How to Structure a CGM Experiment
Here’s some guidelines for conducting your own research.
- Start with a hypothesis: This can be as simple as a hunch, an article you read on foods that don’t impact your glucose levels, a suggestion we’ve made on our blog or podcast. An example of a hypothesis: Can I diminish a blood sugar spike from a meal that has spiked my glucose in the past if I eat a green salad 10 minutes before that meal? I’ve included some sample hypotheses below to get you started.
- Control as many variables as possible: When you conduct an experiment, you want to have stable glucose levels before you begin. Try out a new food or combination first thing in the morning. I usually conduct experiments in lieu of breakfast. Wait until you’ve recorded your glucose response (1–2 hours after eating) before eating something else and refrain from exercise during the test period. If you have had a bad night's sleep or an unusually heavy or light meal the night before, consider postponing your test.
- Develop your experiment: Continuing the spikey meal experiment from above, let’s say I want to test the effect of a dark green salad eaten 10 minutes before a slice of pizza. On day one of the experiment, I would eat just a slice of pizza and record my results. On the second day, I would eat a dark green salad, wait 10 minutes, then eat the pizza and record my results. I can then compare my results to the day before.
- Test one thing at a time: So you don’t have a confounding variable, make sure to test just one hypothesis at a time. If you have a positive result from testing food order and a new food at the same time, you won’t know if it was the order or the food that affected your glycemic response.
- Repeat and confirm: After you get a positive response, you may want to repeat your experiment at least once to confirm that you get the same results.
Examples of Experiments You Can Try
- Finding glucose-friendly fruits: If you have a sweet tooth and you're looking for a healthy snack or after-meal treat, try testing out different fruits first thing in the morning. Raspberries have the reputation of being a low- or no-spike fruit—do they work for you? Other fruits to try: apples, pears, citrus fruits (oranges, grapefruits), stone fruits (peaches, nectarines), berries (blueberries, strawberries, blackberries).
- Adding fat, fiber, or protein: Perhaps from the above experiments you determined that apples spike your blood sugar, but you love apples. Try dipping your apples in almond butter and record your glucose response compared with apples alone.
- Exercise and post-meal glucose: This is a Signos staff favorite. See how much control you can have over your glucose after a meal by experimenting with a spikey meal or beverage. We tested orange juice by itself, followed by a test the next day with the same amount of orange juice and a walk, jog, or run.
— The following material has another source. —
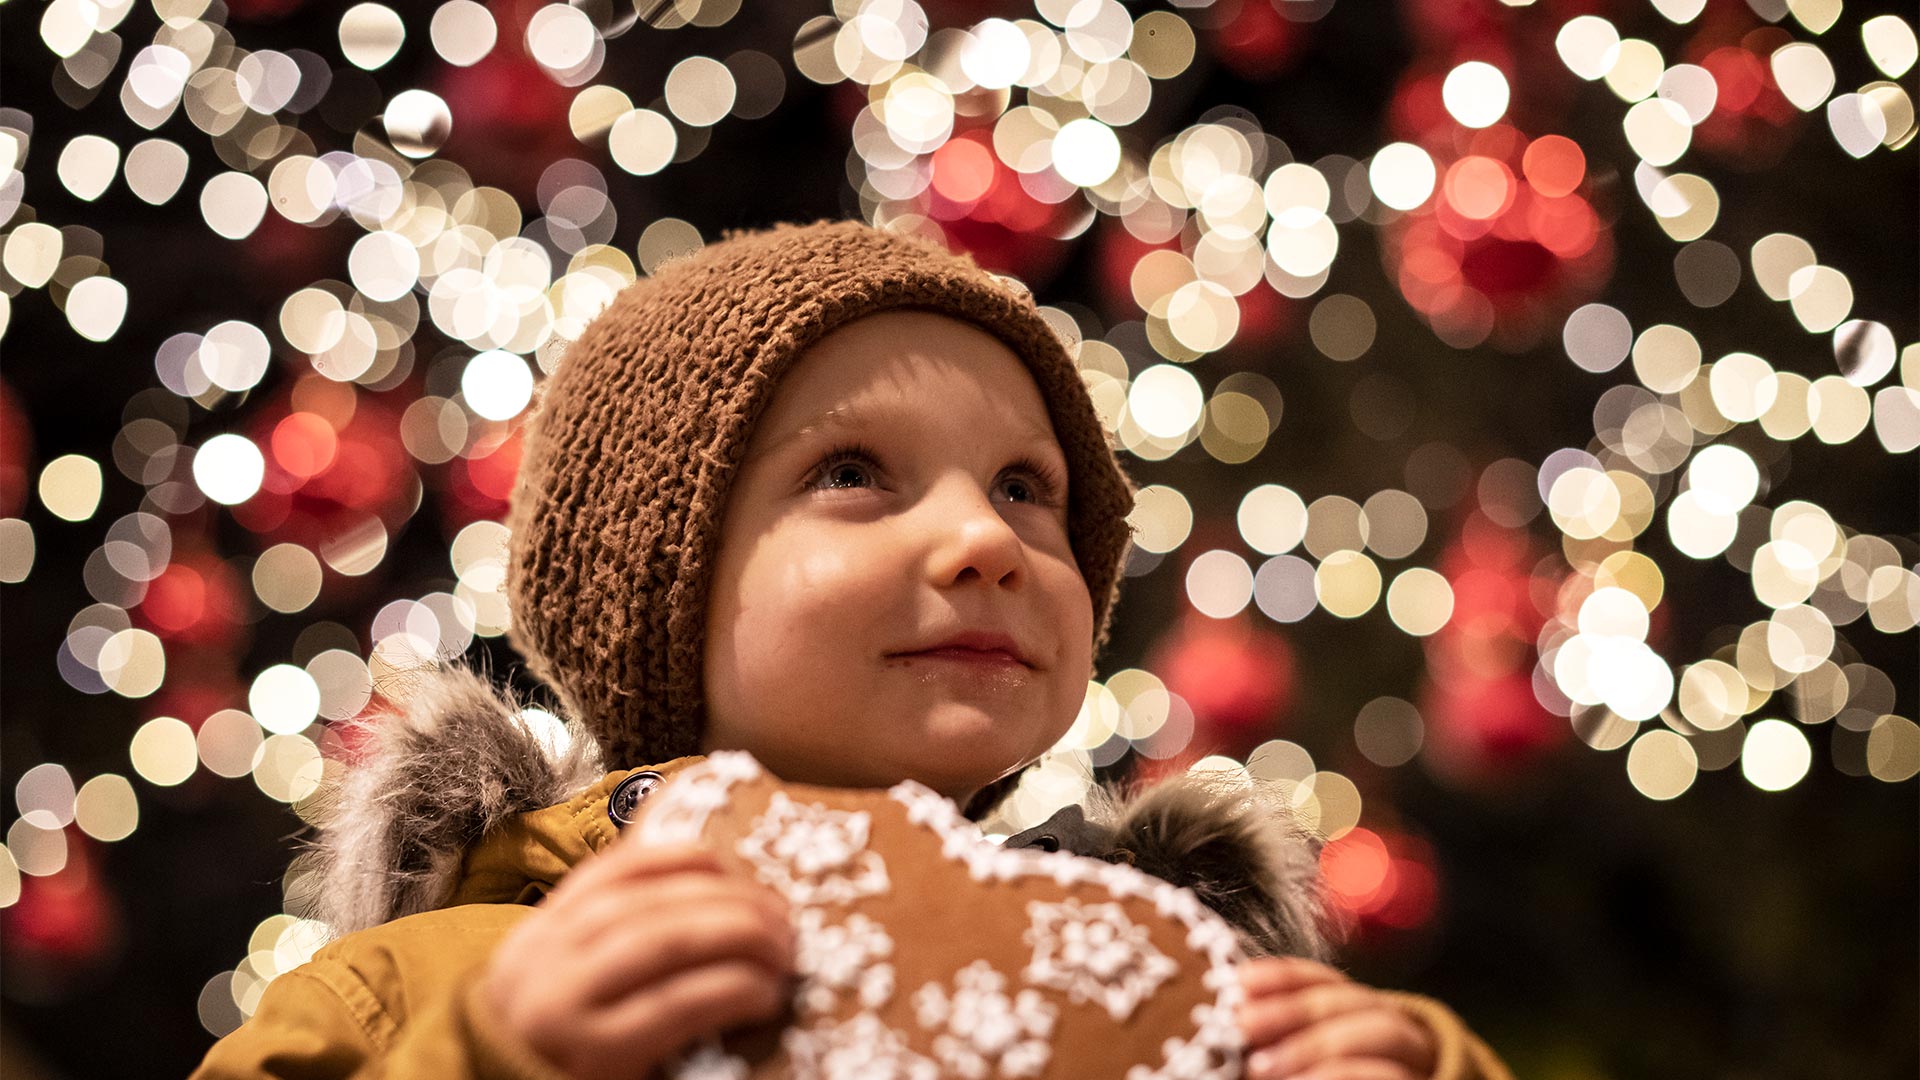 Vor einem Lichterhintergrund isst im Vordergrund ein Kind in weihnachtlicher Atmosphäre ein Bonbon.
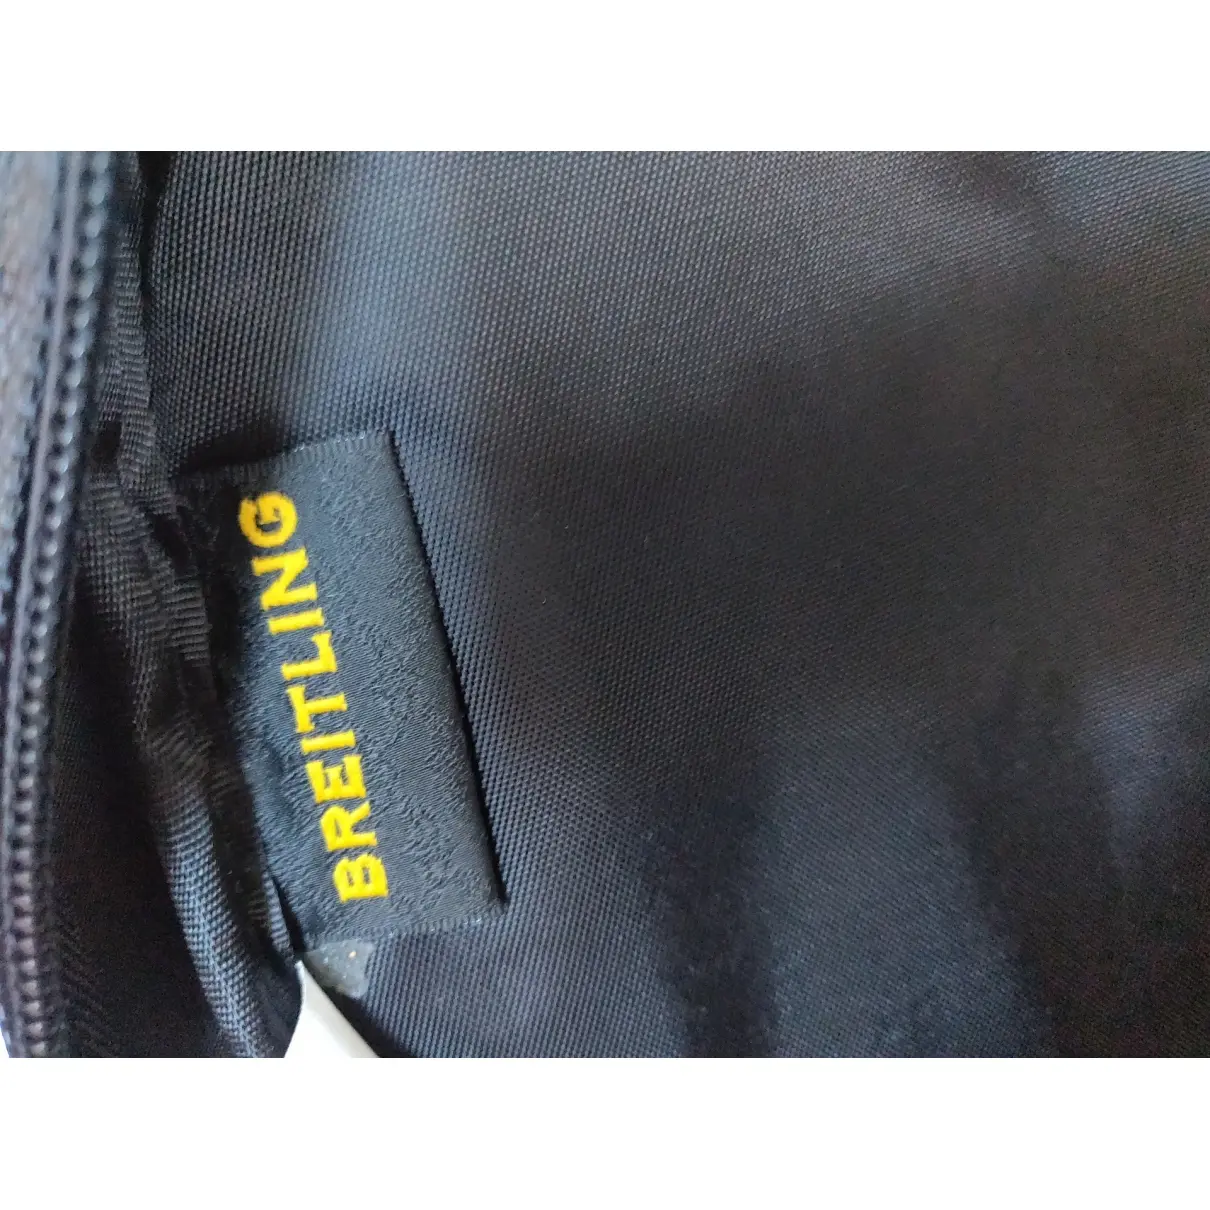 Buy Breitling Cloth bag online

Were you able to blunt your spike through movement?
- Food substitution: When I first started conducting experiments, I found that my multi-ingredient steel-cut oatmeal was causing glucose spikes north of 180 mg/dL, but was it the oatmeal, the blueberries, or the bananas? By systematically eliminating ingredients one by one, and monitoring my post-oatmeal glucose, I discovered bananas were the culprit. Based on another experiment, I substituted green bananas for the ripe bananas (cooked with the oatmeal to reduce the “green” taste). Problem solved!
I’ve conducted, on average, several experiments per month on Signos for several reasons. There are so many questions I have about what carbohydrates I can enjoy without seeing my glucose rise in the Signos app.
Keep in mind that things change as you start building healthier eating habits. It's likely that your microbiome will change, which may change your body’s response to specific foods.
As you continue to test your own food hypotheses, regardless of the experiment's outcome, you’re building your own mindful approach to nutrition, health, and fitness.